▶ [INFORMATION SUPPLIED]
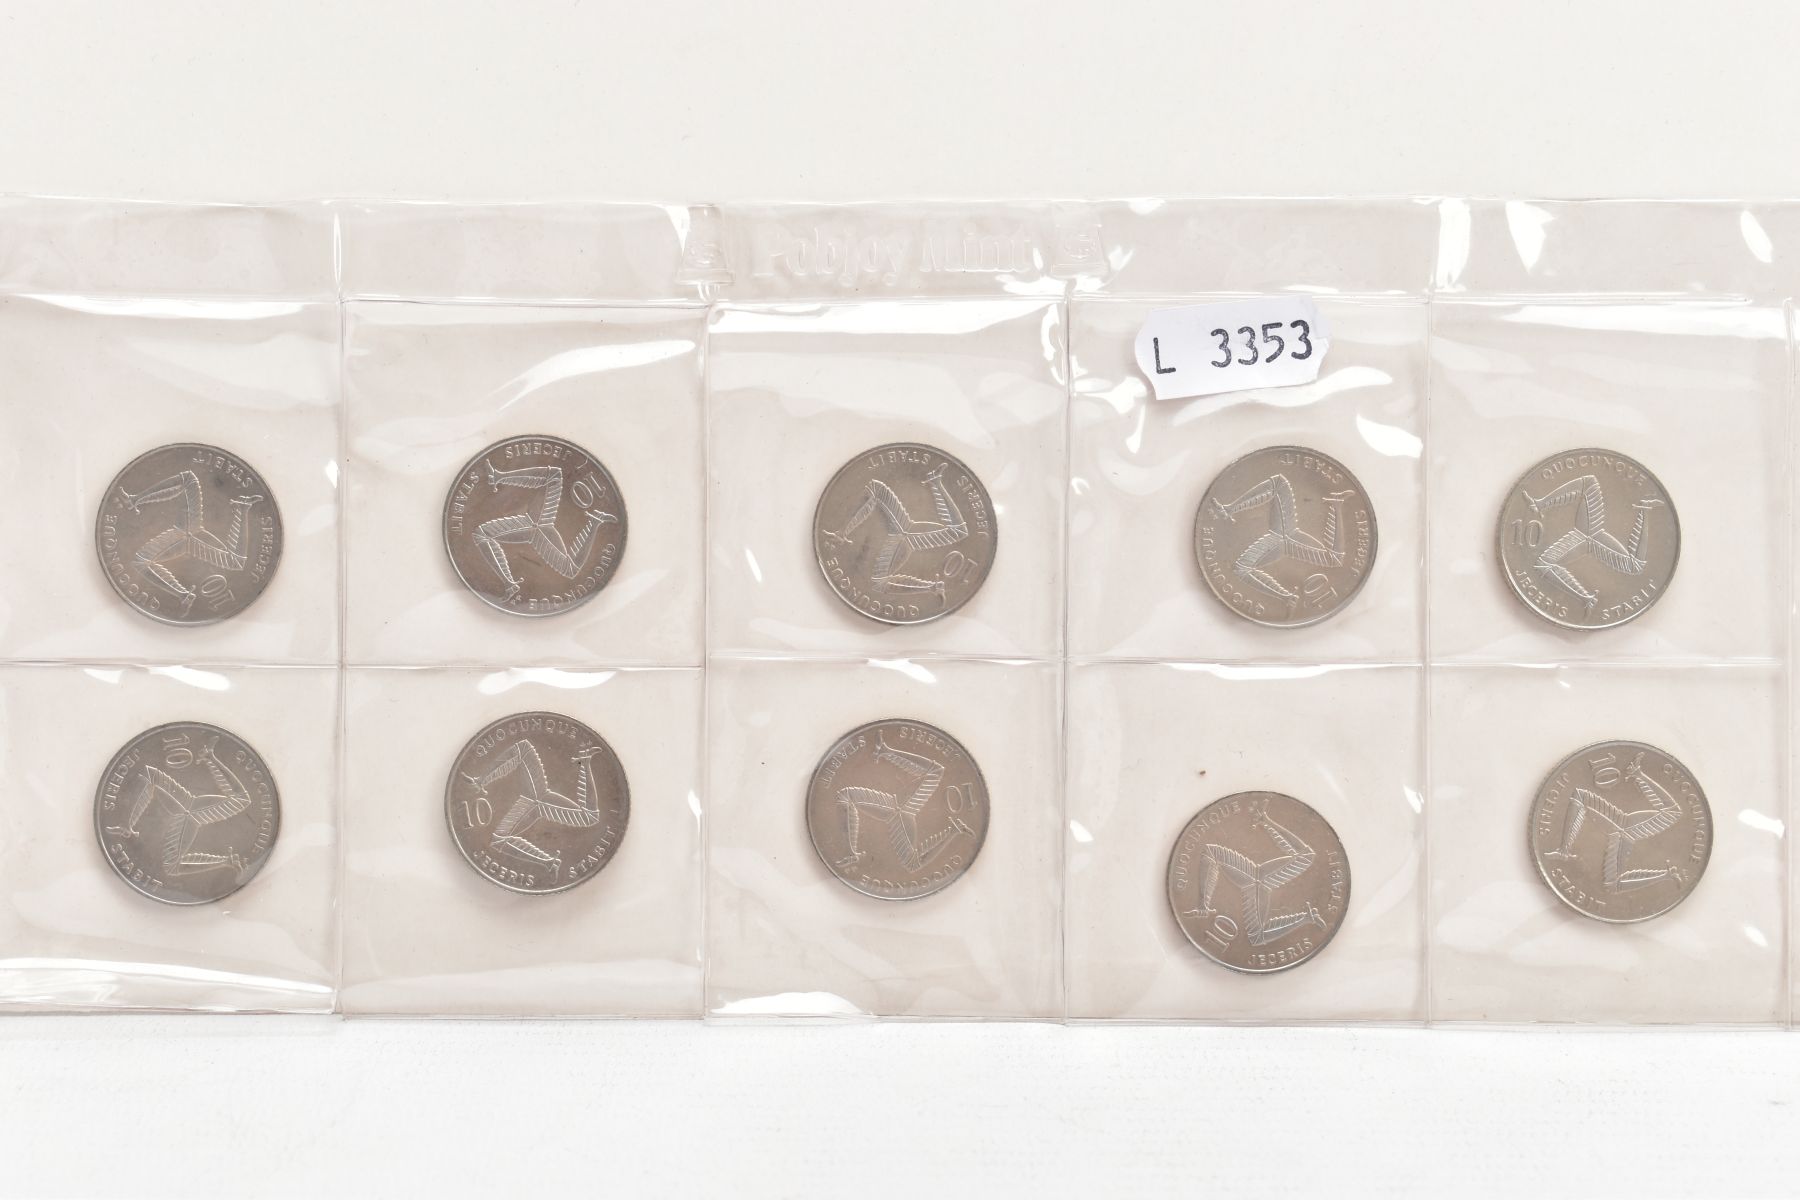 A RARE AND UNUSUAL GROUP OF (10) 10P 1992 TRISKELION COINS, these new design ten pence coins
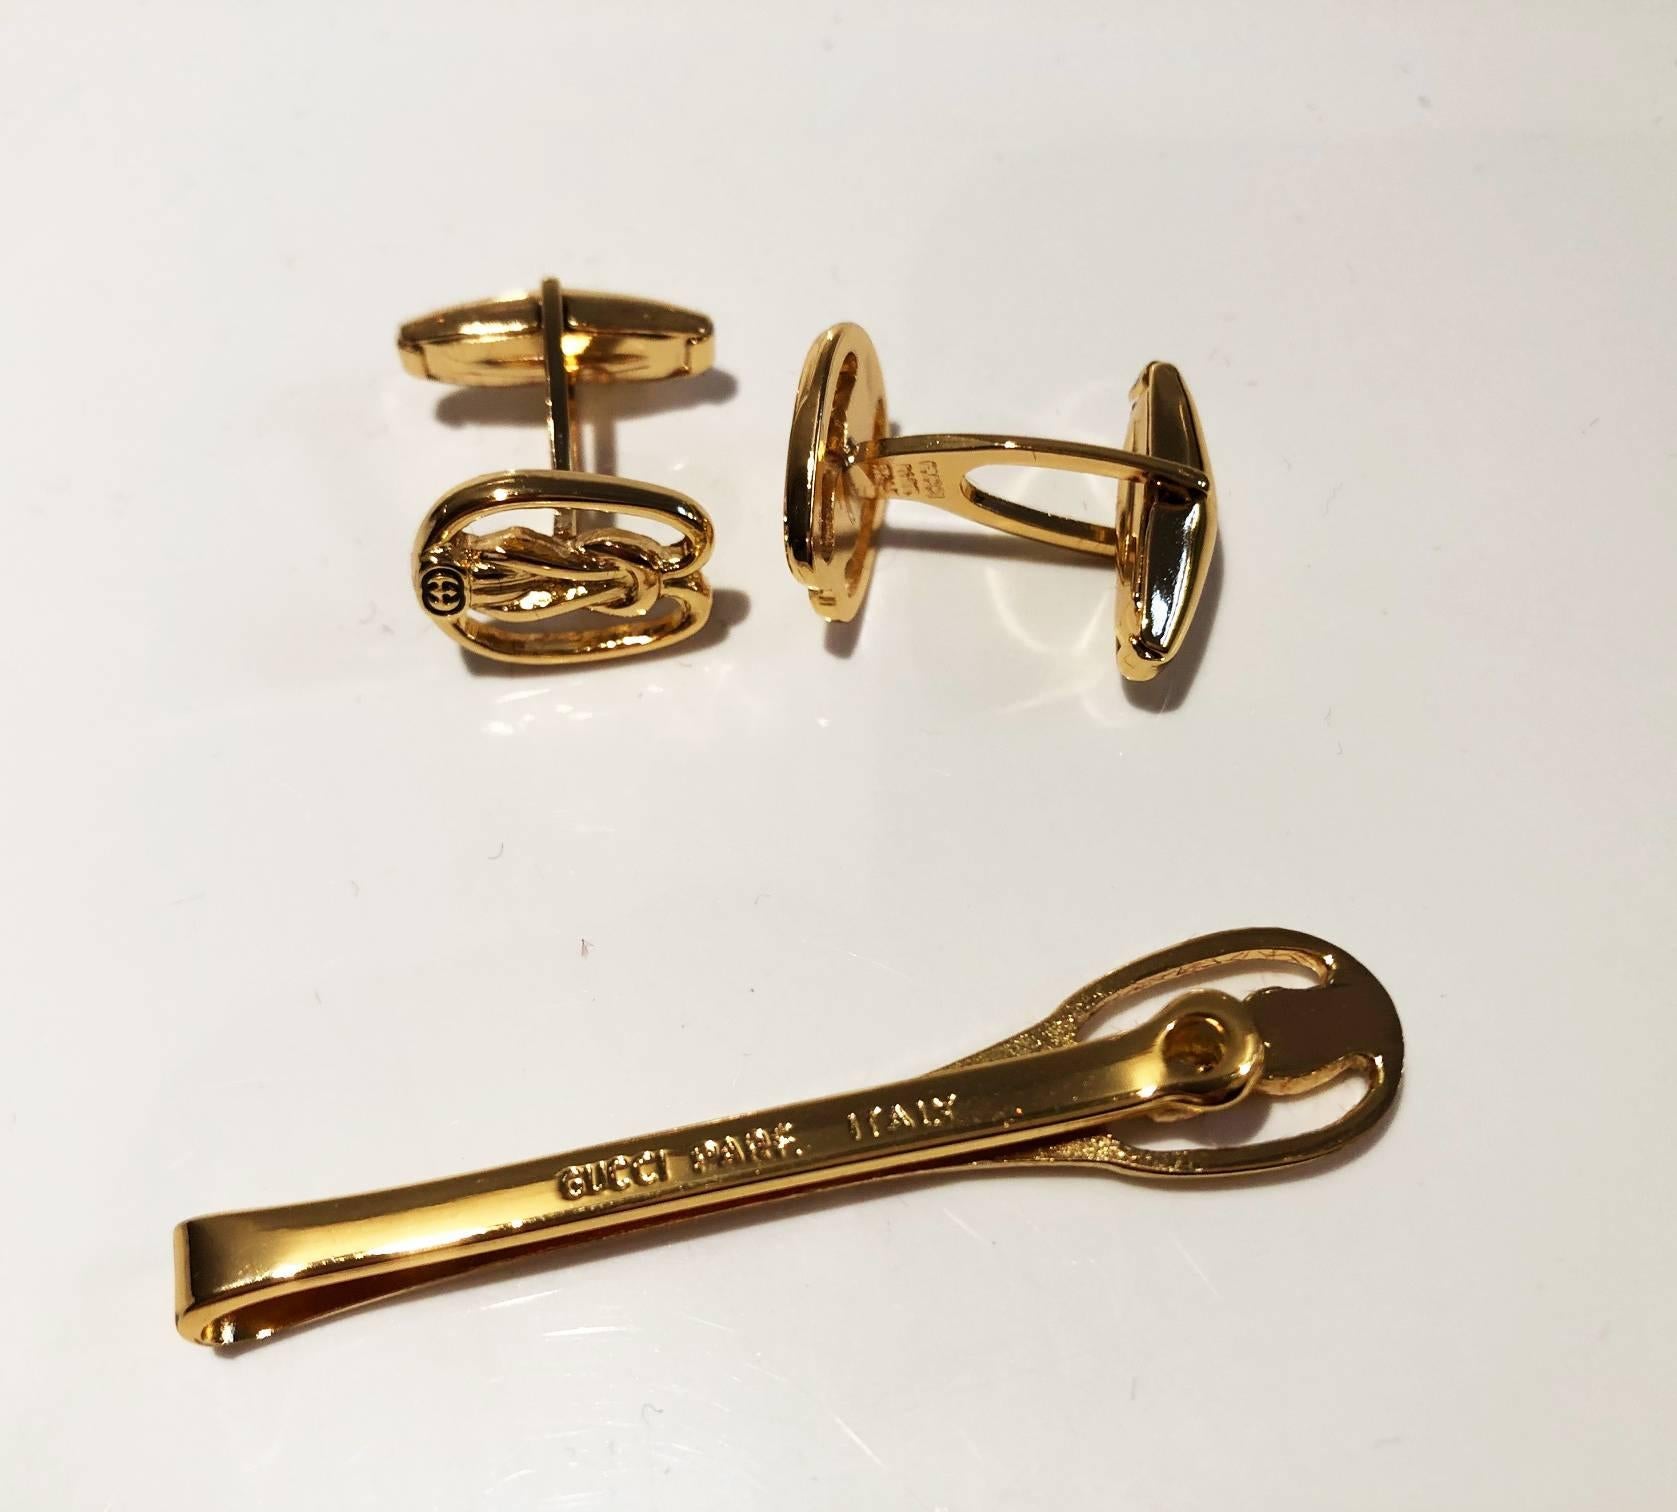 Vintage Signed Gucci cufflink and tie clip set in gold tone, GG interlocking logo on black background, stylish set for both men and women 
 
Measurements: Cufflink heads measure approx. 1.5cm x 1.2cm at their widest point; Tie clip measures approx.
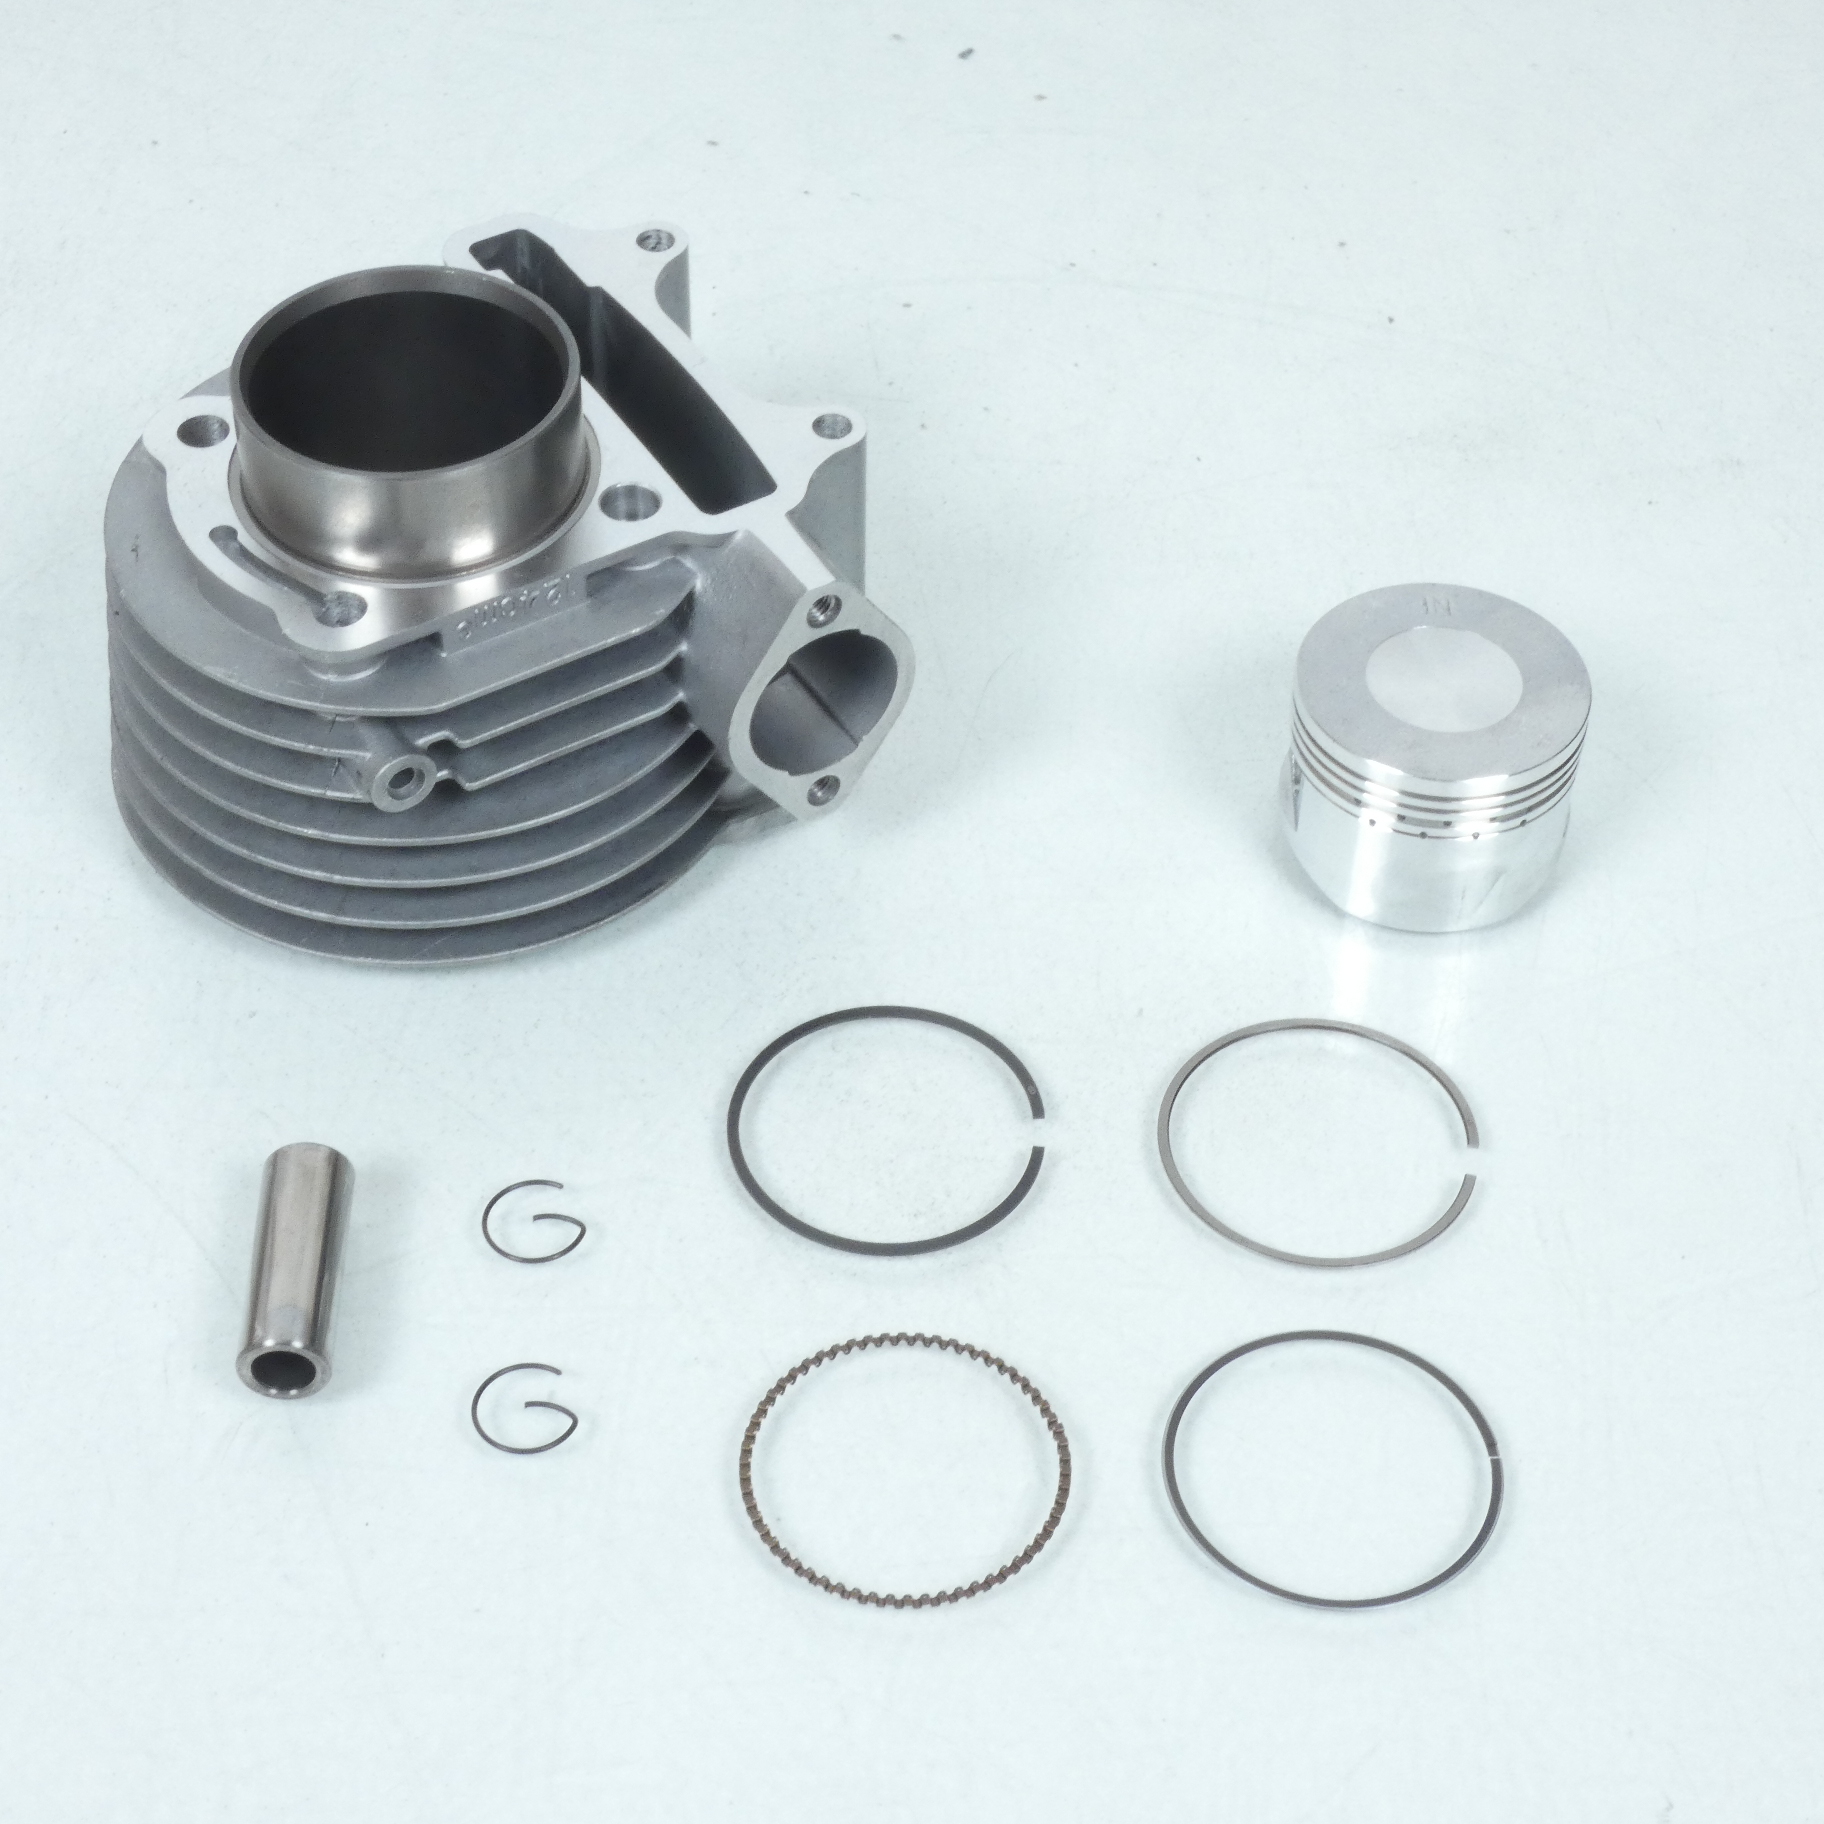 Kit Cylindre piston Ø51.8mm Sifam pour scooter Chinois 125 GY6 Axe Ø15mm Neuf

▶ [TRY IT] Output the line containing "Vintage Signed Gucci" along with every line after it to the end of the material, exactly as written, but without pictures.

▶ [WRITTEN SOLUTION]
 Vintage Signed Gucci cufflink and tie clip set in gold tone, GG interlocking logo on black background, stylish set for both men and women 
 
Measurements: Cufflink heads measure approx. 1.5cm x 1.2cm at their widest point; Tie clip measures approx.
 Kit Cylindre piston Ø51.8mm Sifam pour scooter Chinois 125 GY6 Axe Ø15mm Neuf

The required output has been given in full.